- Episode no.: Season 8 Episode 1
- Directed by: Andy Ackerman
- Written by: Alec Berg & Jeff Schaffer
- Production code: 801
- Original air date: September 19, 1996

Guest appearances
- Janeane Garofalo as Jeannie; Susan Walters as Dolores; Bruce Davison as Wyck; Grace Zabriskie as Mrs. Ross; Warren Frost as Mr. Ross; John O'Hurley as J. Peterman; Joe Urla as Dugan; Todd Bosley as Joey; Diana Castle as Mrs. Zanfino; Stuart Quan as Sensei; Herb Mitchell as Businessman #1; Robert Louis Kempf as Businessman #2; Lawrence Mandley as Larry; Lauren Bowles as Waitress #1; Peggy Lane as Waitress #2; Paige Tamada as Clara; Robert Padnick as Willie; Ruth Cohen as Ruthie; Renee Fishman as Monk's Cafe Patron (uncredited);

Episode chronology
| ← Previous "The Invitations" | Next → "The Soul Mate" |
- Seinfeld season 8

= The Foundation (Seinfeld) =

"The Foundation" is the 135th episode of the American television sitcom Seinfeld.

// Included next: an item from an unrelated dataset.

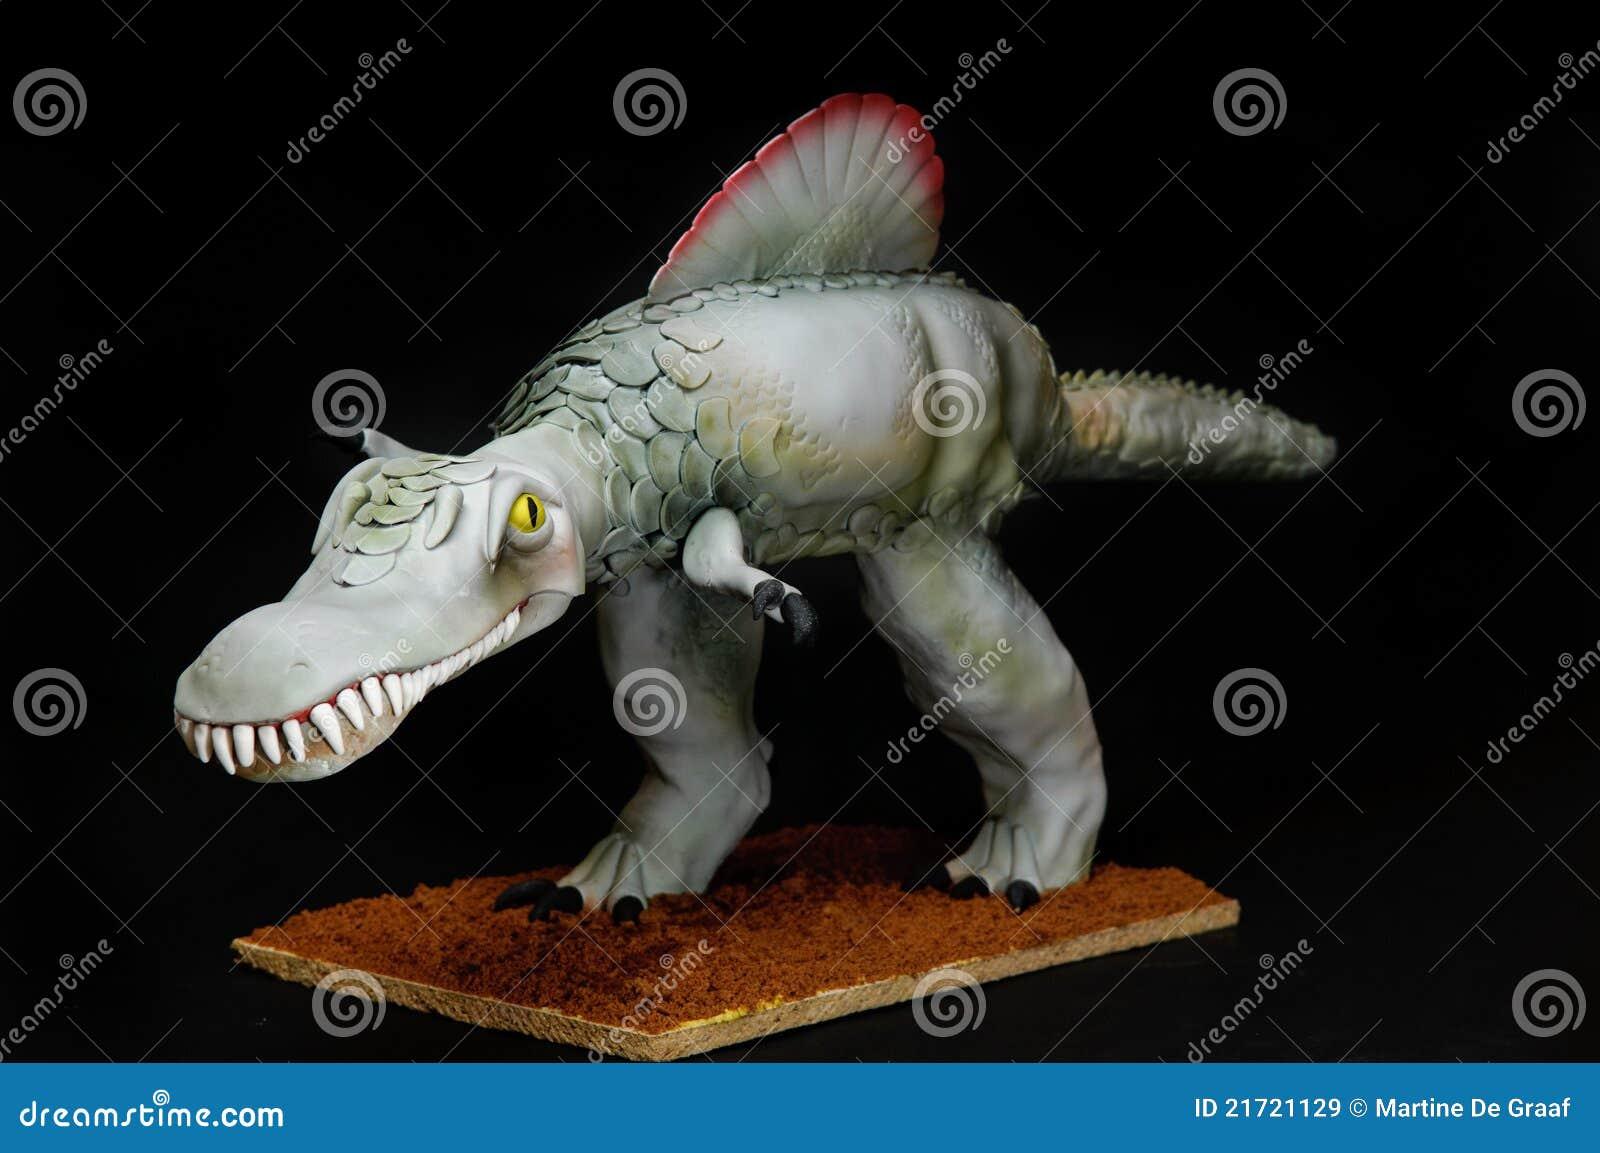 dinosaur cake royalty free stock images image 21721129

This was the first episode of the eighth season, and as such was the first episode in which Jerry Seinfeld assumed command of the show following the departure of its co-creator, Larry David. It was originally broadcast on the NBC network on September 19, 1996.

In the episode, following the death of his fiancée Susan Ross at the end of the previous season, George finds himself tasked with being on the board of directors at a foundation dedicated to her memory. Meanwhile, Kramer inspires Elaine to take charge after J. Peterman abandons his company and runs off to Myanmar (Burma), and Jerry discovers that his and George's severed engagements make them more attractive to women.

==Plot==
While George wishes to move on from his fiancée Susan's death, her parents want to keep her memory alive by creating a foundation in her honor, inspired by words of comfort Jerry told them while visiting Susan's grave. Interrupting George's celebration of his rediscovered bachelorhood, the Rosses ask him to sit on the board of directors. George is horrified at the prospect of all his free time being sacrificed to the foundation but uncomfortable with refusing.

In a last demonstration of their remarkable similarity, Jerry and Jeannie Steinman simultaneously voice a desire to break off their engagement. Dolores from "The Junior Mint" asks Jerry out on a coffee date; he realizes that her interest in him was renewed because she heard of his engagement, which proves his willingness to commit. However, she does not believe him when he tells her the breakup was mutual and storms out. Still intrigued by how the engagement earned him a date, Jerry makes up a questionnaire to determine how a man's relationship history affects his attractiveness to women.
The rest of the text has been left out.